My Rt Hon Friend the Secretary of State for Health and I welcome the recognition given by the Inquiry to the changes in the law, and the associated regulatory framework relating to the taking, use and storage of human tissue, that have been put in place since the events leading to this Inquiry.
Since the Human Tissue Act 2004 came into force, we have seen the development of robust regulation which focuses on compliance through the provision of expert advice and guidance - and where regulatory action is taken if standards are not met.
My Rt Hon Friend the Secretary of State for Justice has the principal interest in the findings of the Inquiry relating to the role of coroners. His Department is responsible for coronial law and policy, but as coroners are independent judicial officer holders , it does not monitor how they carry out their functions in individual cases unless specific complaints are made.

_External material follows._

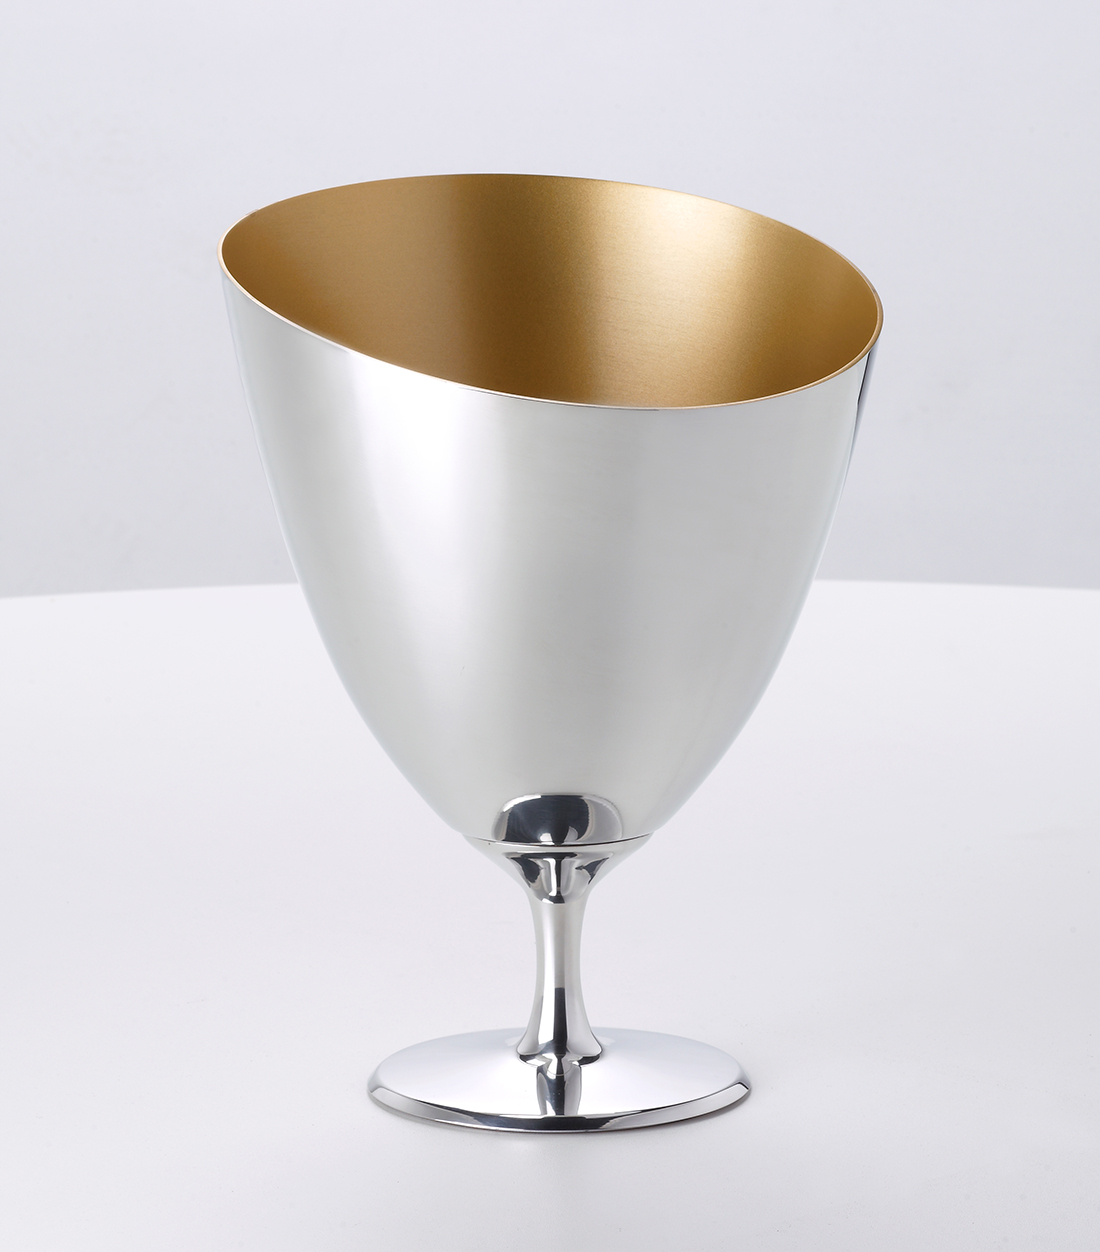 OA1710-seau-à-champagne-design-produit-agence-planet-design-eric-berthes05.jpg

Communication between families, coroners and pathologists was, and still is, vitally important. Changes to the 1984 Coroners Rules introduced alongside the Human Tissue legislation are aimed at ensuring that families’ wishes about what happens to organs and tissue retained after a post mortem examination can be properly established and acted upon.
My Rt Hon Friend, the Secretary of State for Justice, also intends to take forward several of the provisions in the Coroners and Justice Act 2009 which address other problems Mr Redfern identifies, and which also aim to prevent any recurrence of the events that led to the establishment of his inquiry.
Although the Government is not proceeding with the role of a Chief Coroner, we intend to transfer many of the intended leadership functions of the post to the Lord Chancellor, or possibly the senior judiciary. There will be higher standards when commissioning post mortem examinations, and in the way coroners communicate with bereaved families. There will be more effective operational delivery, with an end to rigid geographic boundary restrictions. Training for coroners and their staff will be maintained and improved, and coroners’ work will be more transparent so that unacceptable practices can be avoided or challenged and deficiencies tackled. We are also considering introducing the new, more accountable system for appointing coroners and their deputies enabled by the 2009 Act.
Mr Speaker, the Inquiry has sought and received assurances from all of the key nuclear industry stakeholders that the practice of retaining organs or tissue at autopsy has ceased.
I hope that the families of those involved can take some comfort from the knowledge that the practices that this Inquiry examined simply would not be permissible today.
I commend this statement to the House.